Given the records below, the lines starting at the line with "Free Texas Screensavers" and ending at the line with "Tiffany nude in playboy magazine" should be output exactly, both end lines kept and pictures left out.

Supplied data »
:::::

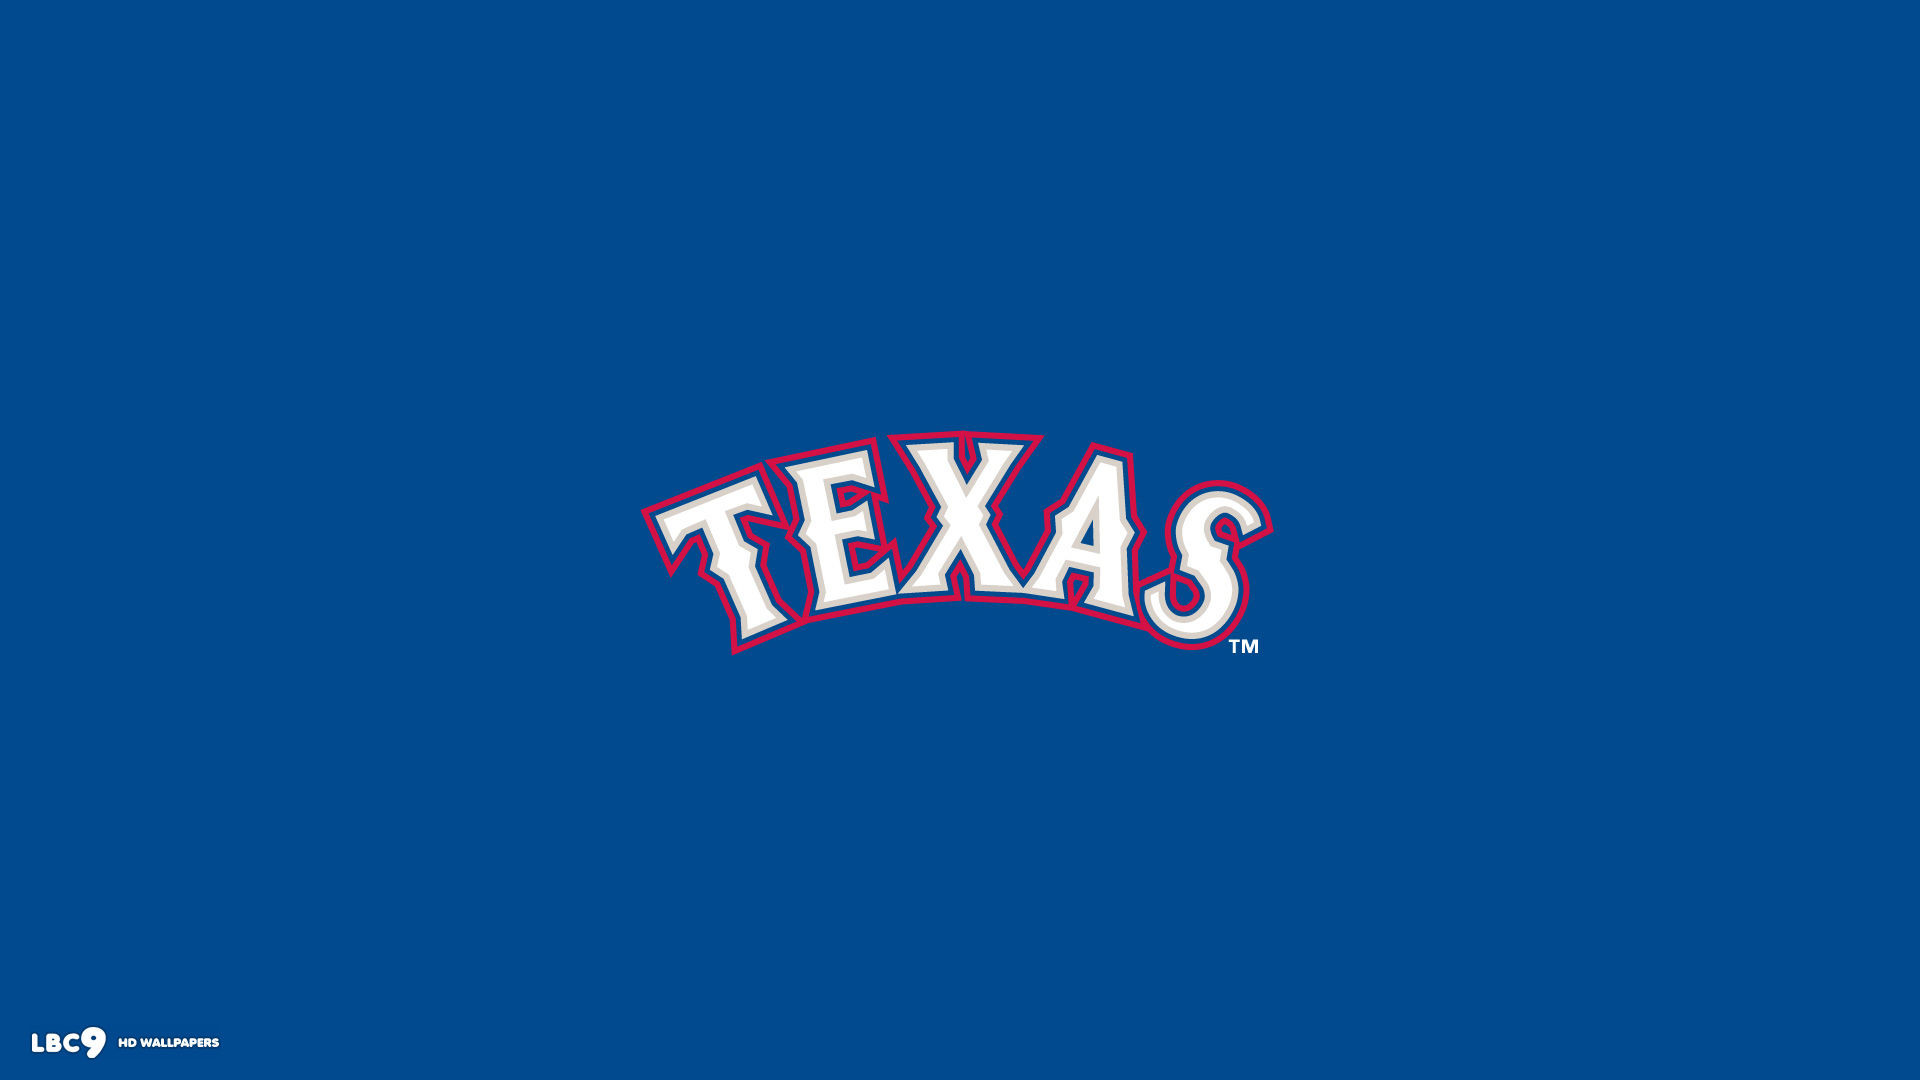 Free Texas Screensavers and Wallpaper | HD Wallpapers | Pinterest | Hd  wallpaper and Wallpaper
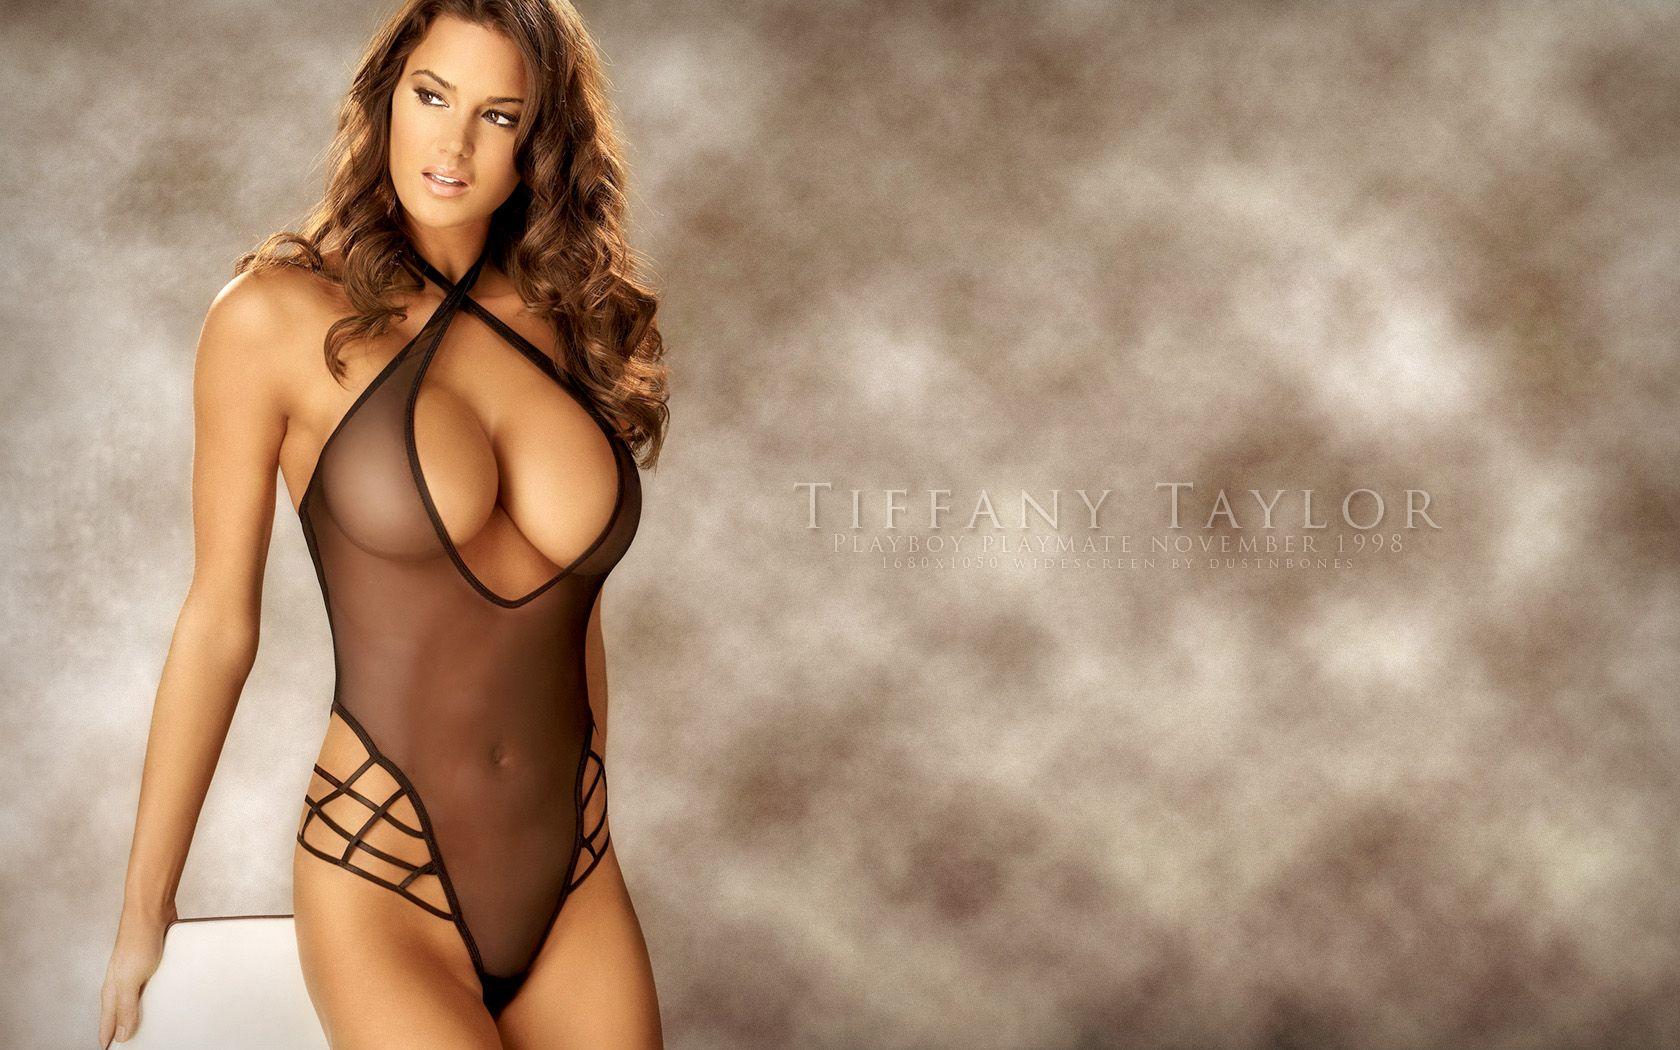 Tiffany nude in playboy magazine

:::::

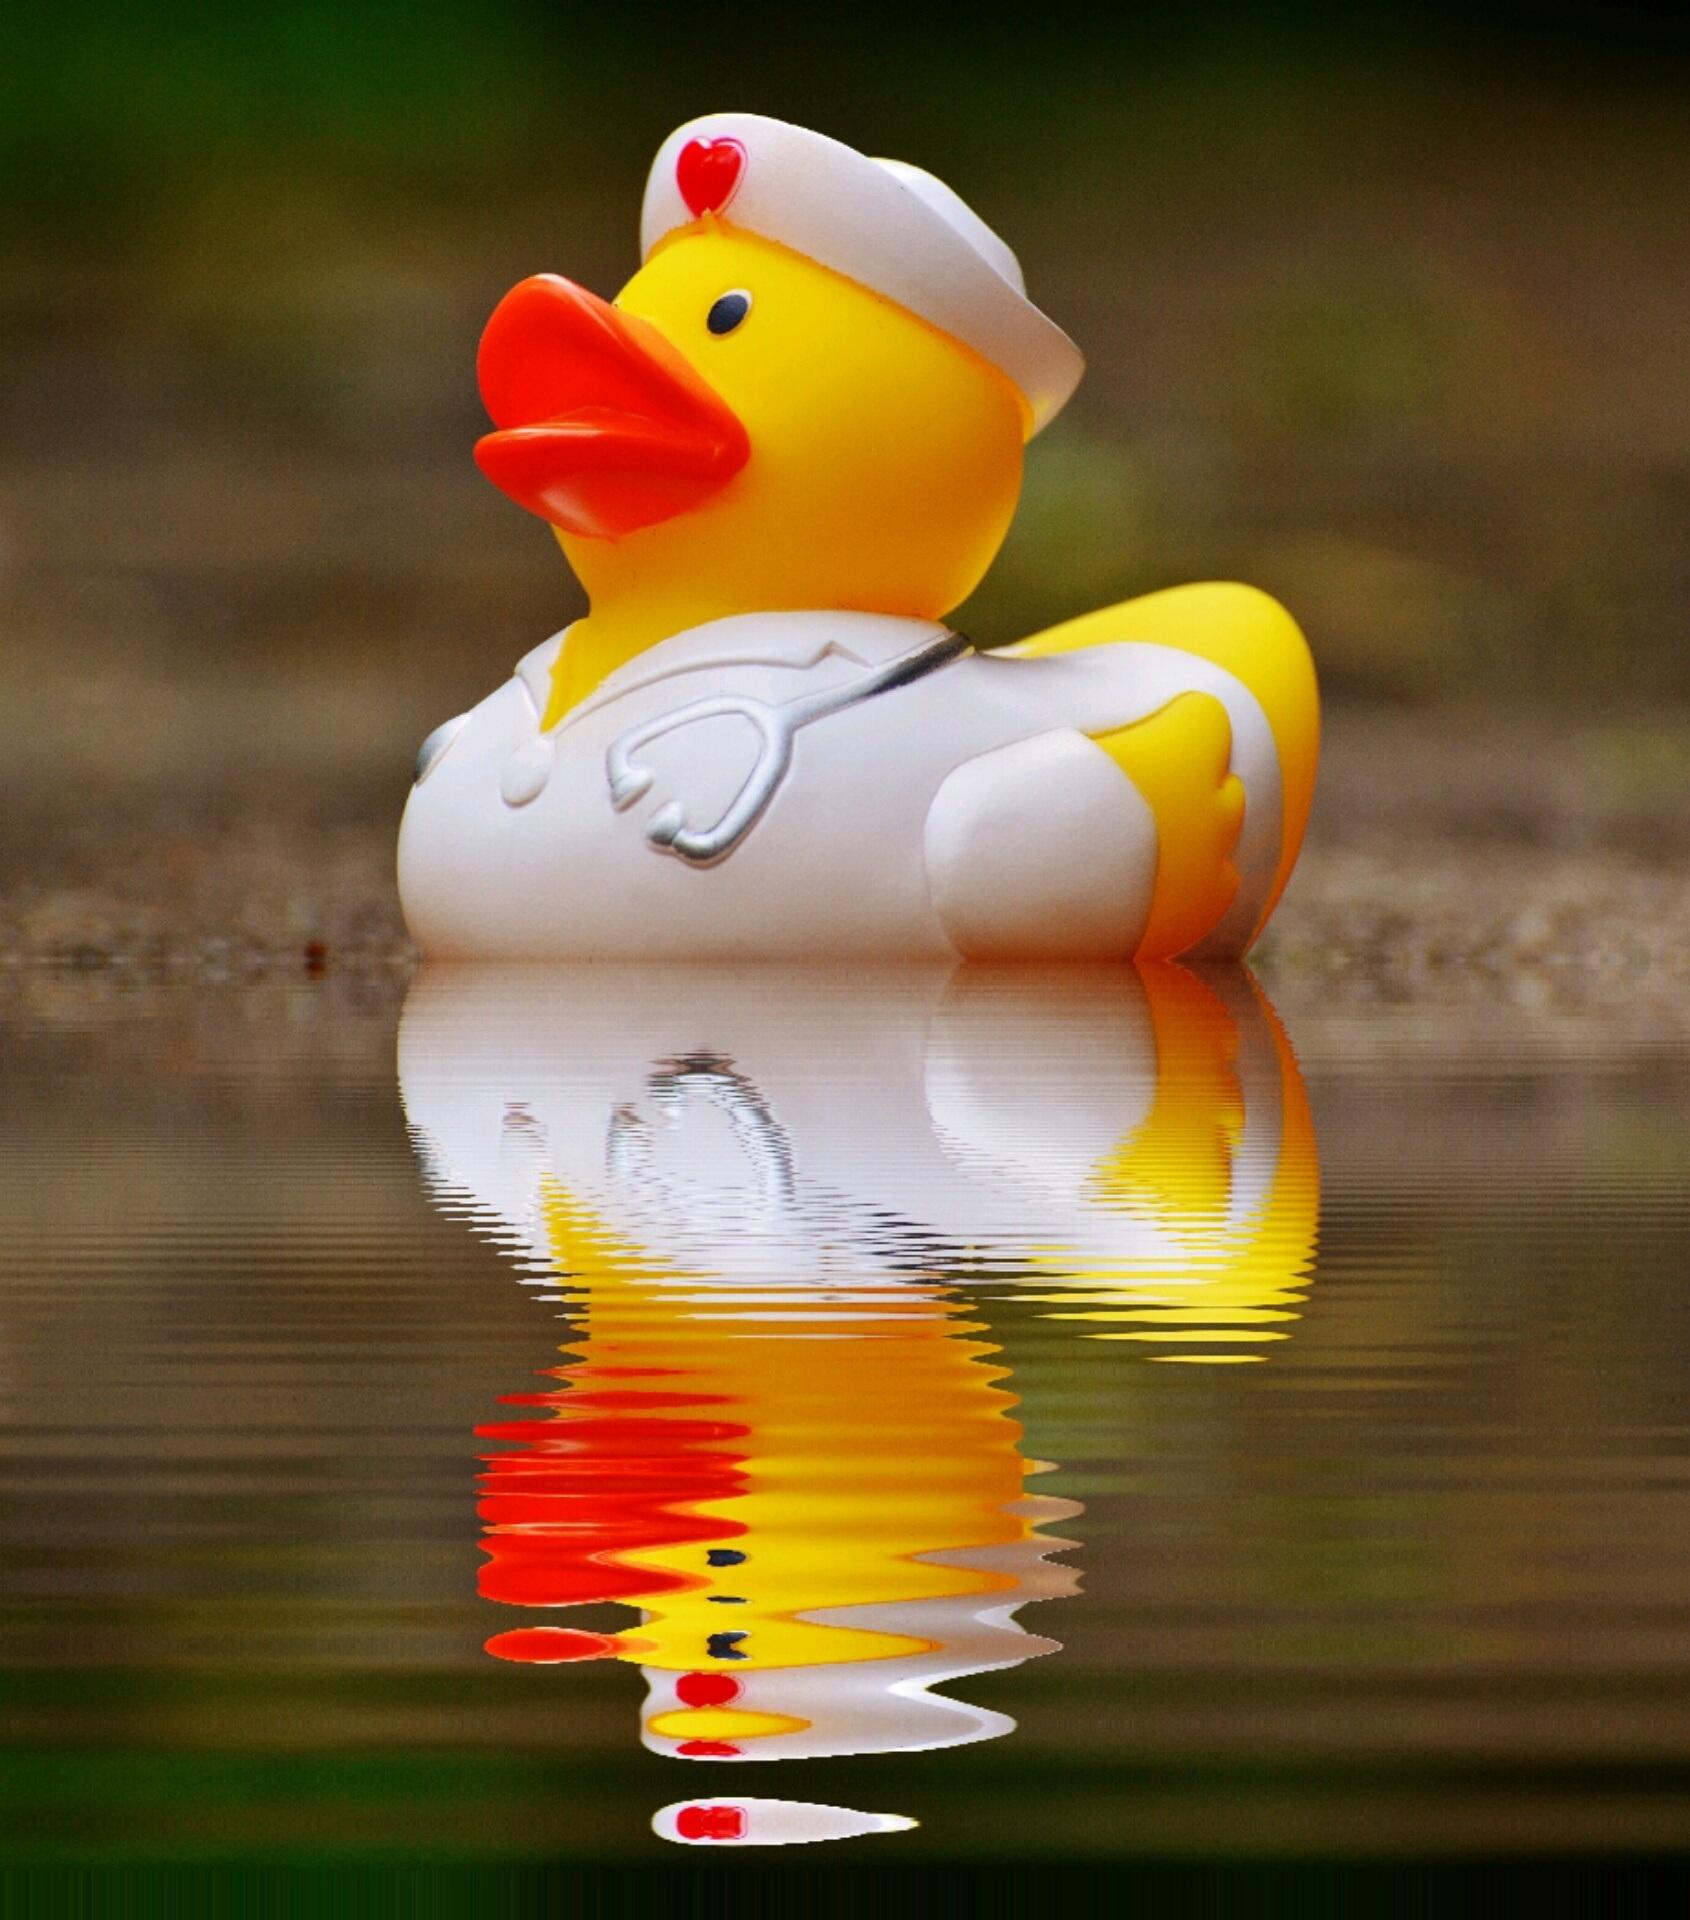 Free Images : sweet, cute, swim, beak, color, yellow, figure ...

:::::

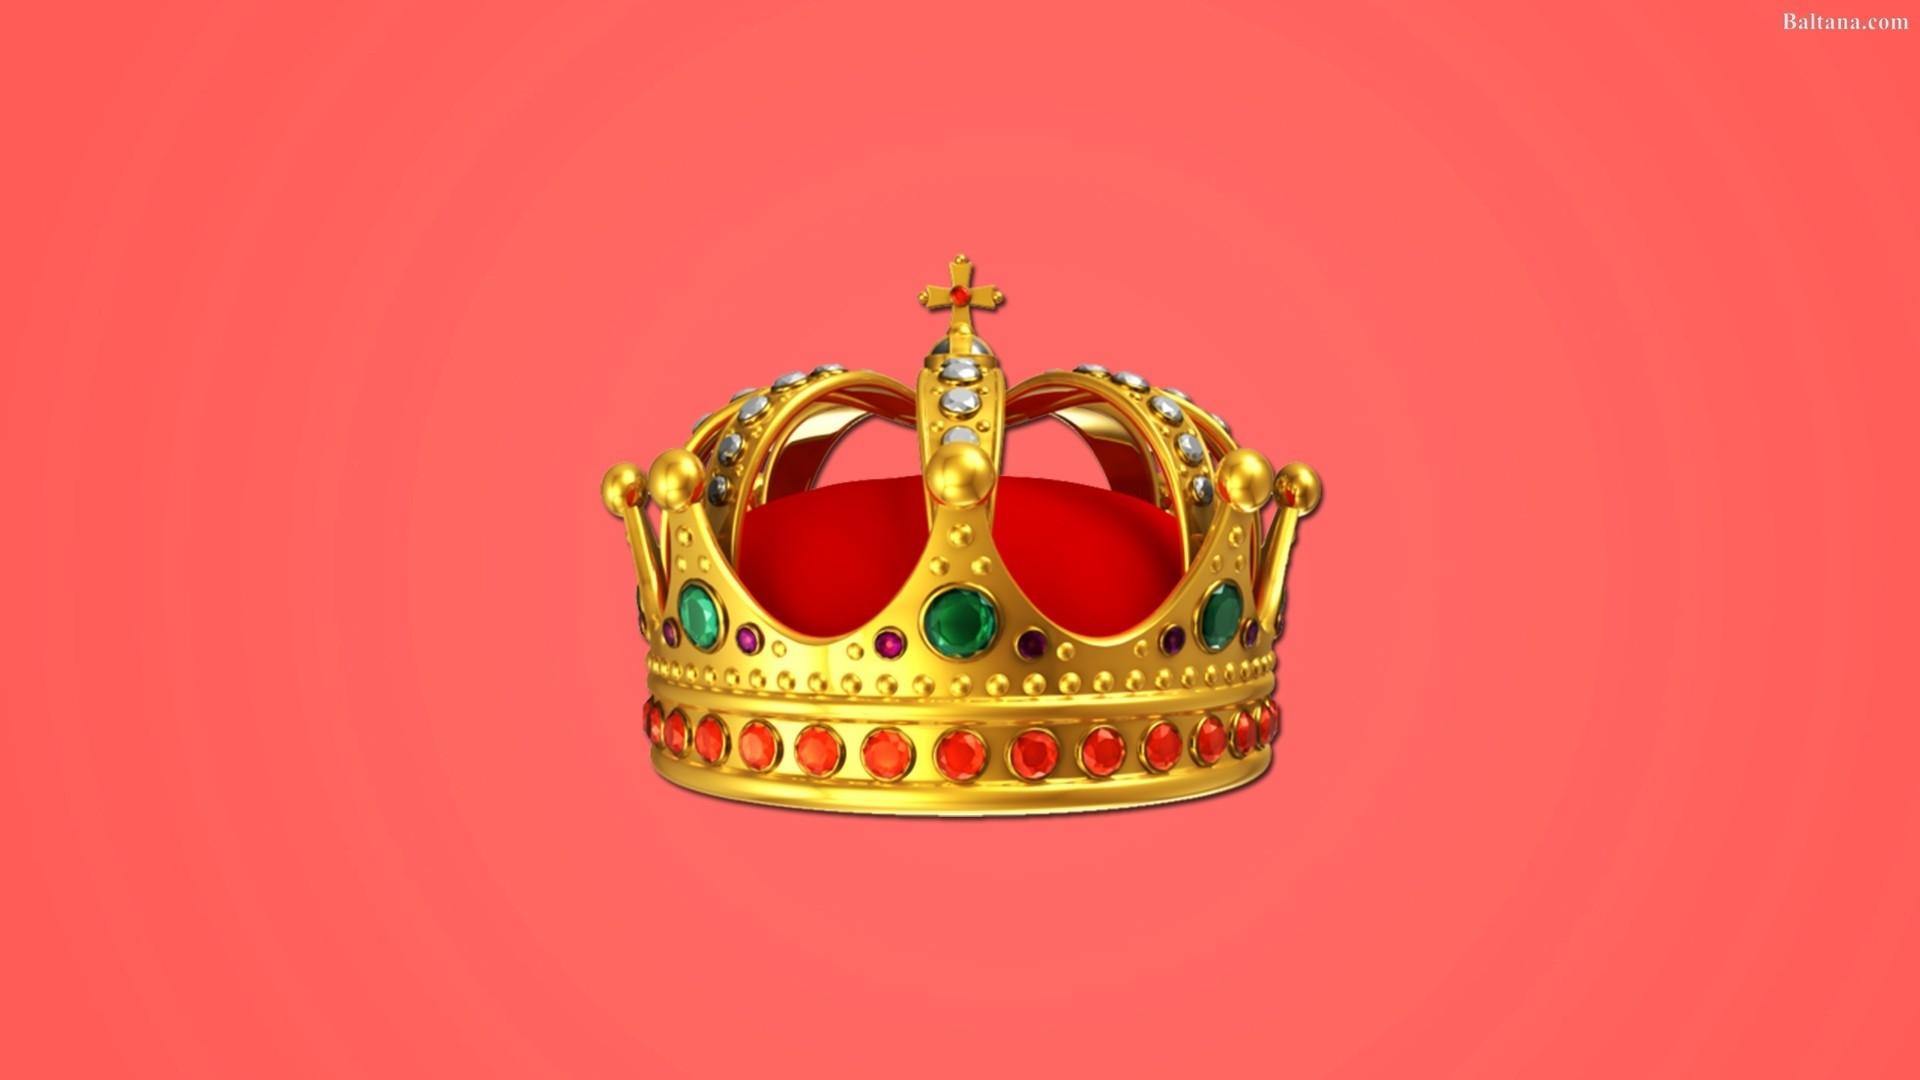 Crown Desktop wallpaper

:::::

Expected output »
 Free Texas Screensavers and Wallpaper | HD Wallpapers | Pinterest | Hd  wallpaper and Wallpaper
 Tiffany nude in playboy magazine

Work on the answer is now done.